Podcast: Market intelligence for aerospace supply chain management

By Claire Cole

Aerospace supply chain disruptions are creating big problems for companies, even years out from the turmoil caused by the COVID-19 pandemic. It’s clear that existing risk management approaches are no longer viable in today’s environment.

Todd Tuthill, vice president for aerospace and defense strategy at Siemens Digital Industries Software, recently recorded a podcast with Aviation Week columnist William Garvey and Ryan Chan, vice president of solutions consulting at Supplyframe, to discuss how investing in digital transformation, and particularly market intelligence, can help with aerospace supply chain management.

Check out a short excerpt of the podcast transcript below. To hear the full conversation, head over to Aviation Week’s website.

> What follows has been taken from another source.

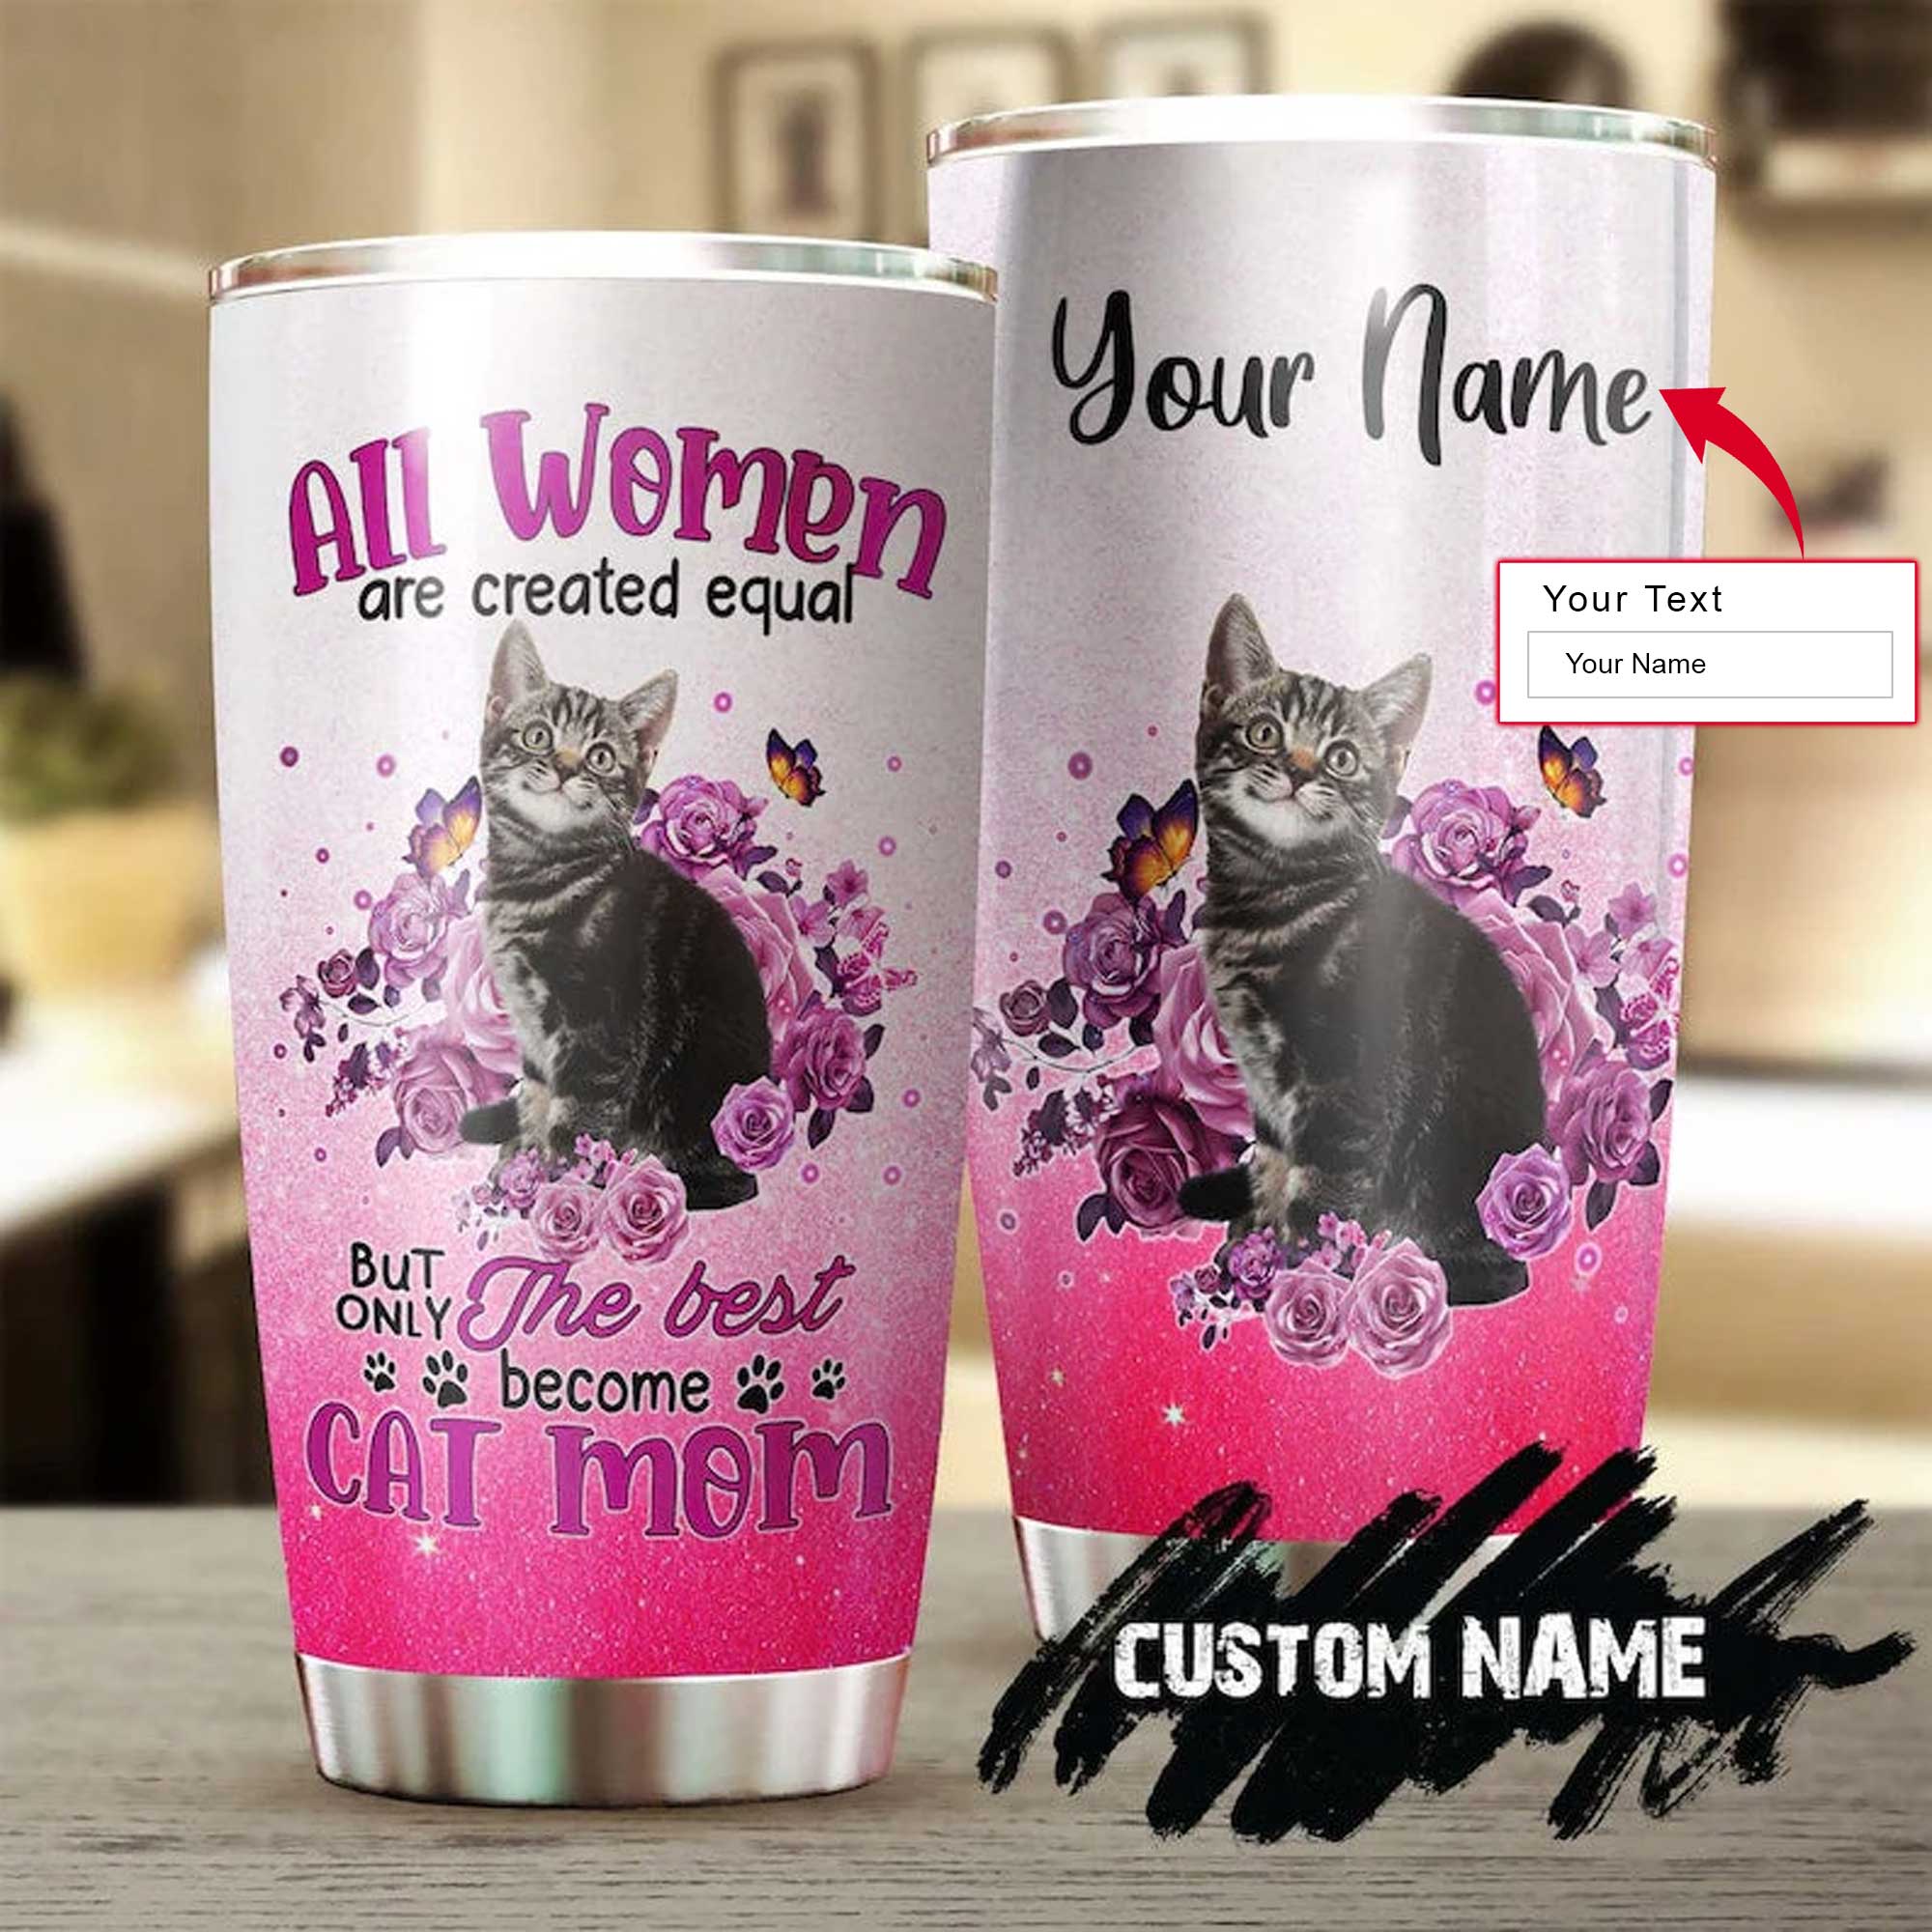 Cat Personalized Mother's Day Gift Tumbler - Custom Gift For Mother's Day, Cat Mom, Cat Lover - The Best Women Become Cat Mom Tumbler, Roses Tumbler

This excerpt has been lightly edited for clarity.

William Garvey: Welcome. I’m William Garvey, a columnist for Aviation Week and Space Technology magazine. I’ll serve as moderator for today’s podcast regarding supply chain issues in the aerospace and defense industry. An online survey of A&D manufacturers and suppliers was conducted this past summer by the aviation network. The survey was sponsored by Siemens and here to help interpret those responses, project probable consequences, then suggest better ways forward is Todd Tuthill, vice president for aerospace and defense strategy at Siemens Digital Industry Software, and Ryan Chan, vice president of solutions consulting at Supplyframe, a Siemens company. Good day to you, gentlemen.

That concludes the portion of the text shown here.